McConnell said Trump ‘fed lies’ to mob about Biden election
WASHINGTON (AP) — Senate Republican leader Mitch McConnell opened the Senate on Tuesday saying the pro-Trump mob that stormed the Capitol was “fed lies” by the president and others in the deadly riot to overturn Democrat Joe Biden’s election.
McConnell’s remarks are his most severe and public rebuke of outgoing President Donald Trump. The Republican leader vowed a “safe and successful” inauguration of Biden on Wednesday at the Capitol, which is under extremely tight security.
“The mob was fed lies,” McConnell said. “They were provoked by the president and other powerful people, and they tried to use fear and violence to stop a specific proceeding of the first branch of the federal government which they did not like.”
McConnell said after Biden’s inauguration on the Capitol’s West Front — what he noted former President George H.W. Bush has called “democracy’s front porch” — “We’ll move forward.”
Trump’s last full day in office Tuesday is also senators’ first day back since the deadly Capitol siege, an unparalleled time of transition as the Senate presses ahead to his impeachment trial and starts confirmation hearings on President-elect Joe Biden’s Cabinet.
Three new Democratic senators-elect are set to be sworn into office Wednesday shortly after Biden’s inauguration at the Capitol, which is under extreme security since the bloody pro-Trump riot. The new senators’ arrival will give the Democrats the most slim majority, a 50-50 divided Senate chamber, with the new vice president, Kamala Harris, swearing them in and serving as an eventual tie-breaking vote.
Senate Republican leader Mitch McConnell and Senate Democratic leader Chuck Schumer are set to confer Tuesday about the arrangements ahead, according to a person familiar with the planning and granted anonymity to discuss it.
The start of the new session of Congress will force senators to come to terms with the post-Trump era, a transfer of power like almost none other in the nation’s history. Senators are returning to a Capitol shattered from the riot, but also a Senate ground to a halt by the lawmakers’ own extreme partisanship.

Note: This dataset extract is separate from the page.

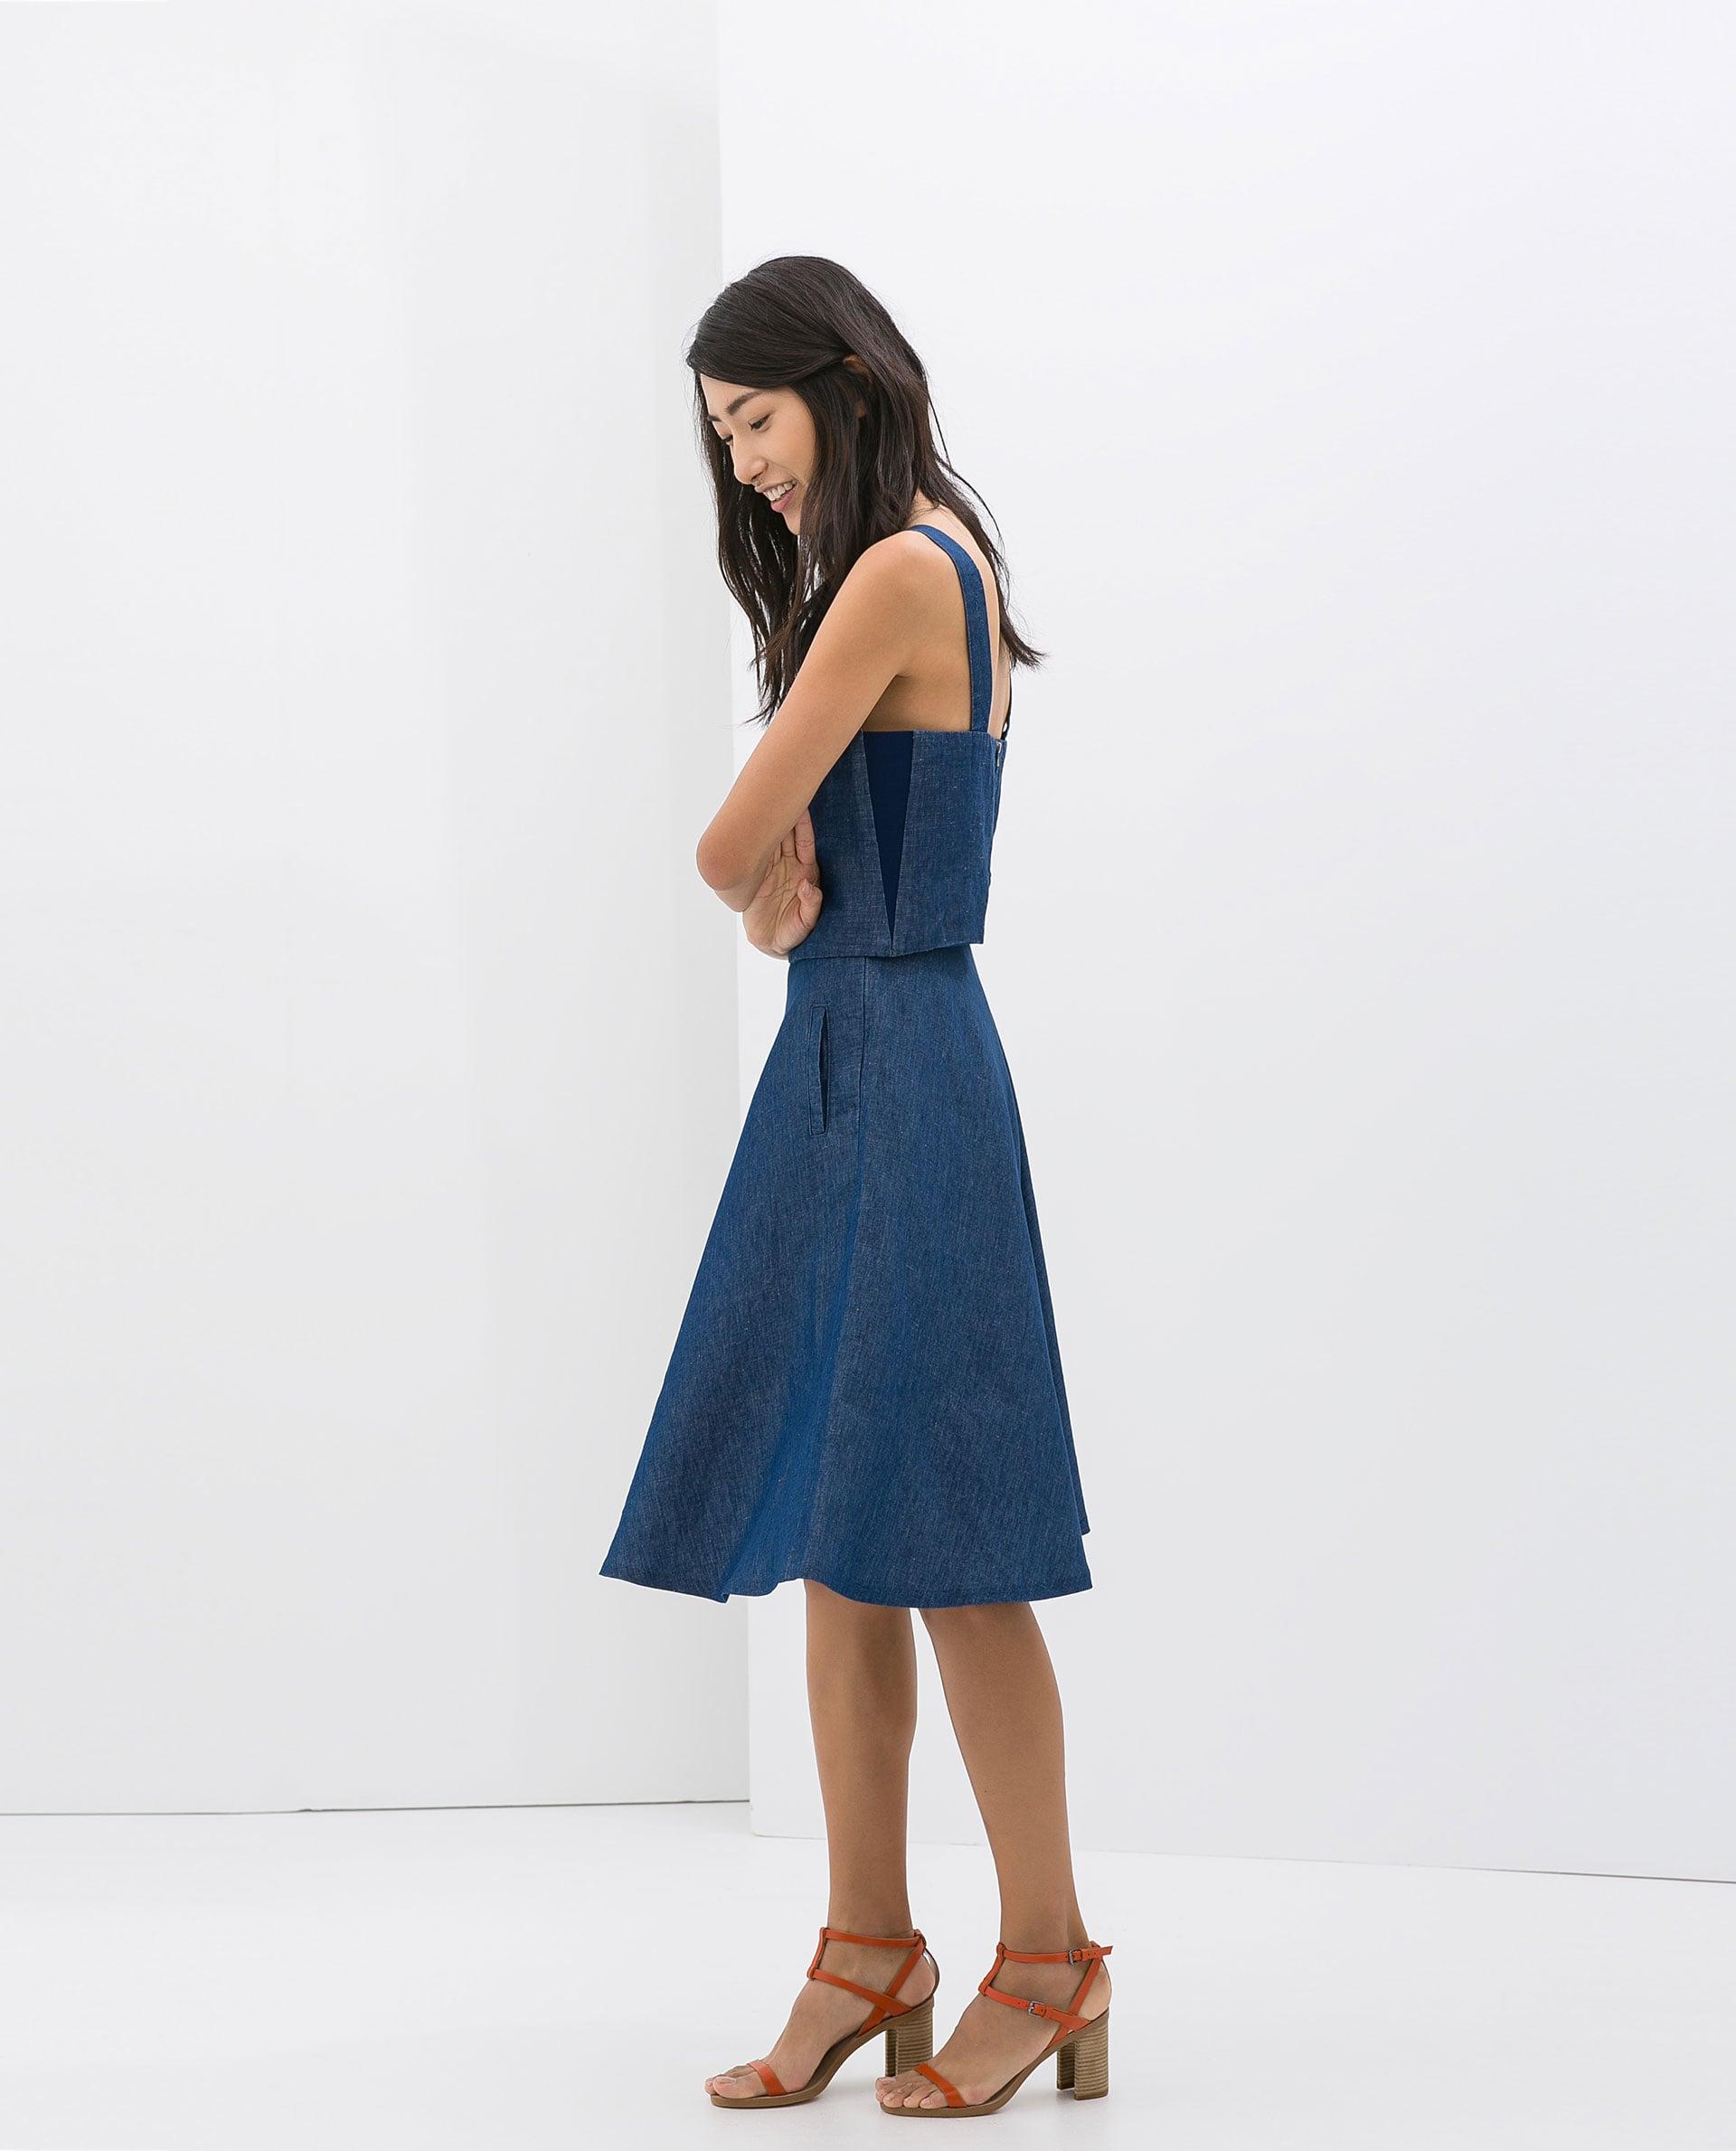 Zara Sleeveless Denim Top ($30) and Denim Midiskirt ($50)
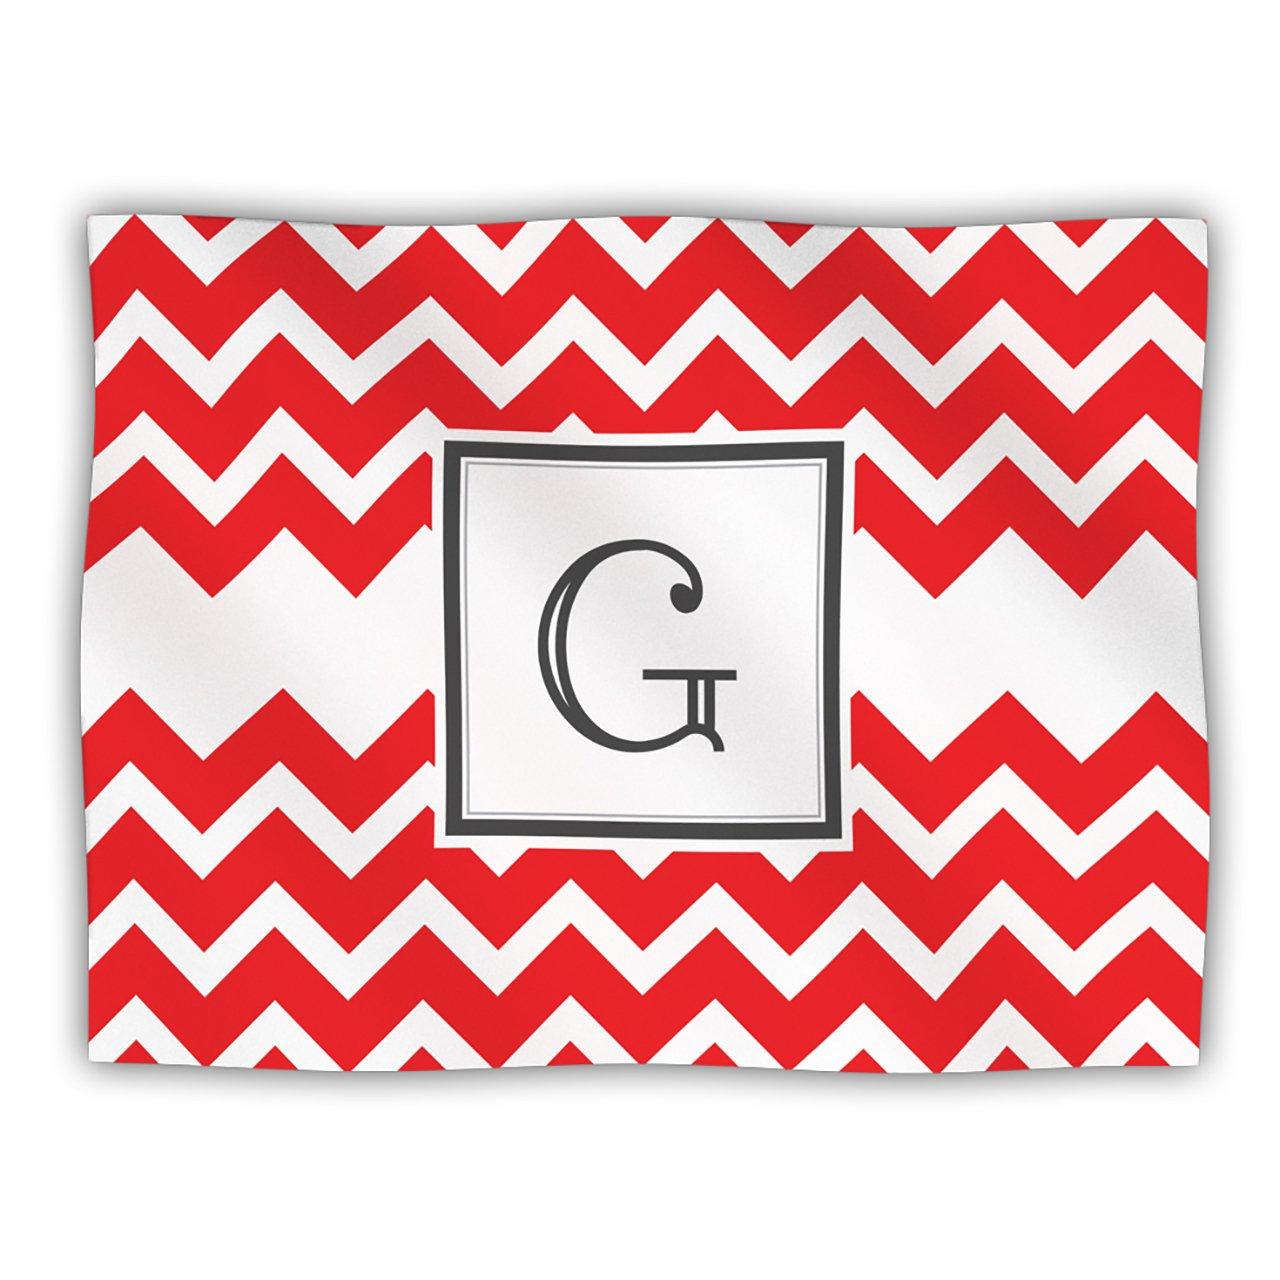 Kess InHouse Kess Original 'Monogram Chevron Red Letter G' Dog Blanket, 40 by 30-Inch

Republican senators, in particular, face a daunting choice of whether to convict Trump of inciting the insurrection, the first impeachment trial of a president no longer in office, in a break with the defeated president who continues to hold great sway over the party but whose future is uncertain. Senators are also being asked to start confirming Biden’s Cabinet nominees and consider passage of a sweeping new $1.9 trillion COVID-19 relief bill.